So, how did I come to be teaching this class? Last October, I was asked by the Professor designing this new Comp Methods course for the Masters Program in Health Informatics for suggestions on textbooks and resources that could act as an introduction to data mining methods that wouldn’t be too overwhelming for beginners, and that could possibly make use of a common algorithm suite– I suggested Weka (and this is the book we initially decided to go with). But the more we discussed the course objectives, the more it became obvious that the students should really learn basic R coding– it’s a skillset that they wouldn’t likely learn in their other classes and one that is much more versatile than any other platform they could be using in this domain. And so we were off looking for another textbook, and our conversation about resources grew. I put together a list of suggested books, but in the end, the head instructor decided to go with a book that was suggested to him by a colleague (this one) that had a much less in-depth focus than any I had chosen. The chosen book is more concerned with specific applications of data mining methods and shorter than any other text we could find, which can be good and bad in that there is now an assumption that the students are familiar with much of the background and terminology inherent in this area (and that is certainly not the case). So we decided that I would develop a resource guide for students to supplement the textbook and be a place that students could go to for help on topics that went beyond the scope and goals of the course. The course syllabus is available here: Syllabus_HINF5008, but basically we wanted to have a course that would act as an introduction to data mining and computational approaches so that the students could make informed decisions about methodology and better communicate and collaborate with others using these techniques.
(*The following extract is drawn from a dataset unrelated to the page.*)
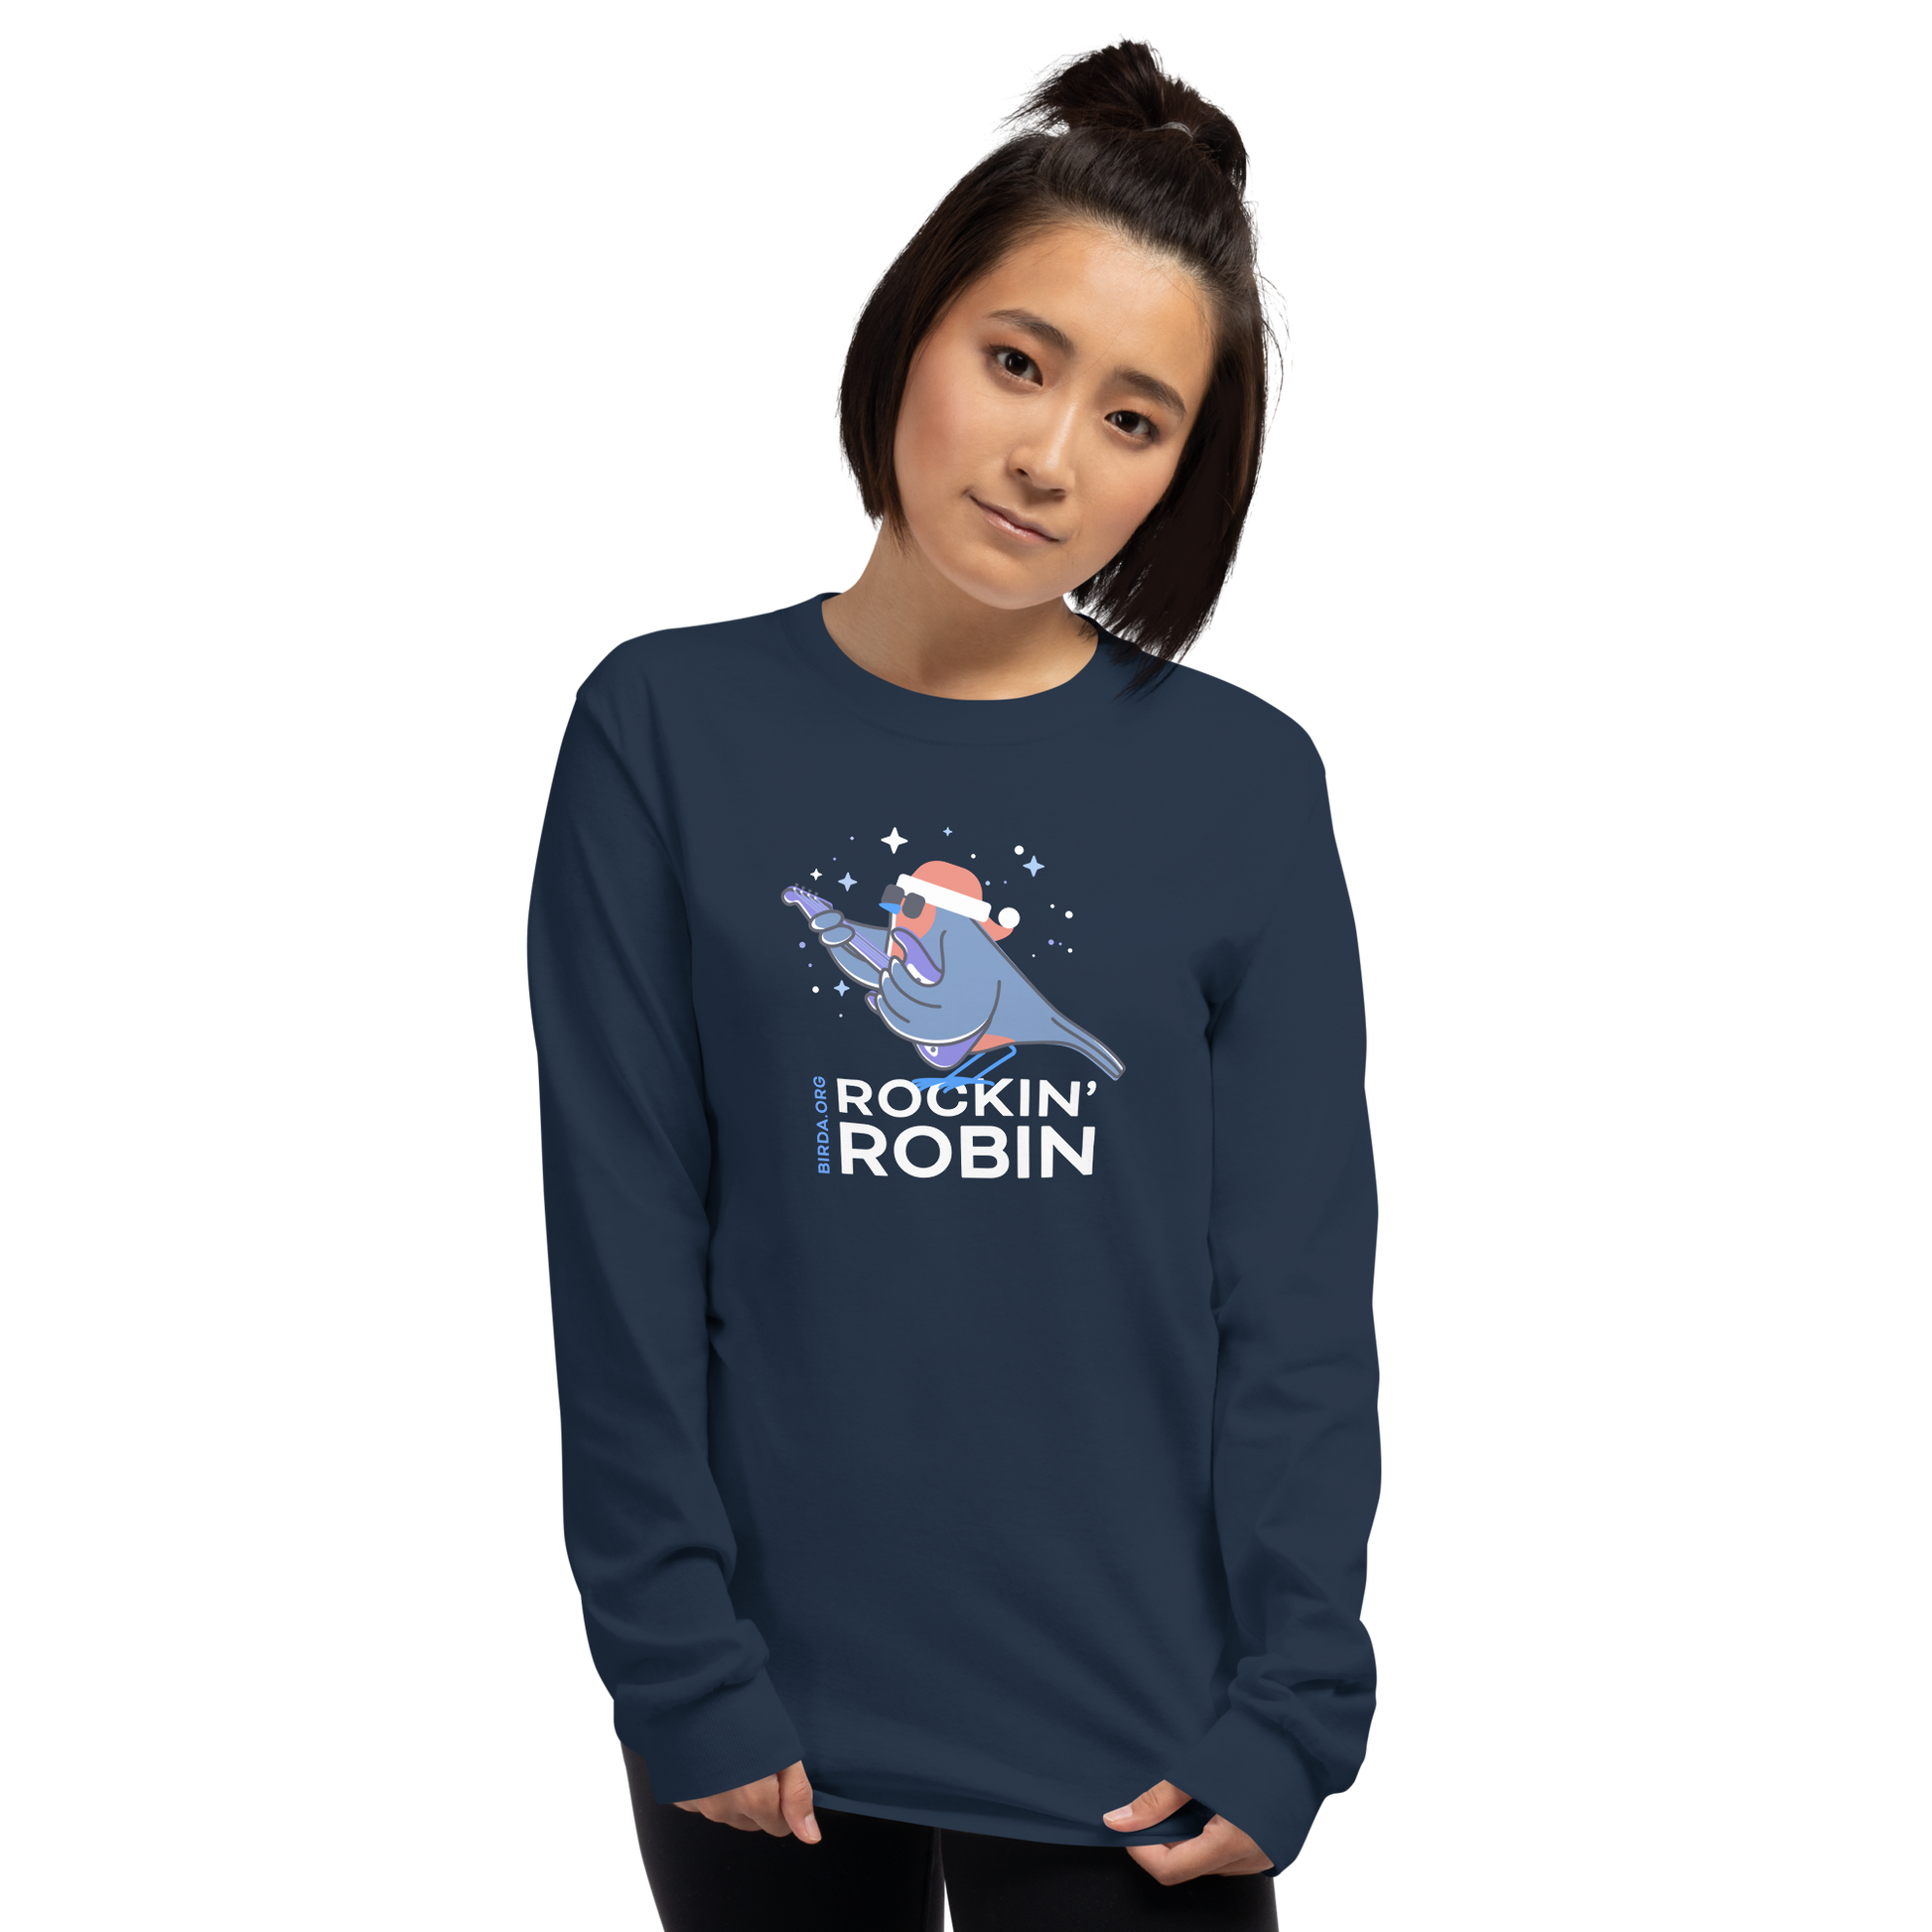 Rockin Robin Long-Sleeve Shirt on girl

So I produced this resource guide for the class and was invited to introduce these resources and topics in the first lecture. And because I am an R user with Graduate Level training in Data Mining, I was also invited to teach a few other lectures wherein I could include some conversation about data literacy and good data management practices. For example, I was invited to teach our lectures on working with unknown values and exploring datasets graphically– each of these topics are premised with the idea that there may not be enough documentation associated with these data (metadata) to fully understand them, and thus more exploration is warranted before anything else can happen with the dataset. That situation is a good framework to discuss the value of proper data management and curation to prevent situations where not much is known about the data, so I stepped in and talked about some of the services offered by the consulting group I’m in, the Cornell Research Data Management Services Group and some best practices :) I was also invited to teach a few lectures on specific data mining techniques that interested me and to introduce the final project and places to go to to find and download datasets that might be relevant to the students’ interests. The final project rubric isn’t finished yet, but we will be having the students come up with their own data mining question pertaining to a dataset that they go out and find, and to run/explain their analyses while documenting their work. They will then present their findings individually or in groups. 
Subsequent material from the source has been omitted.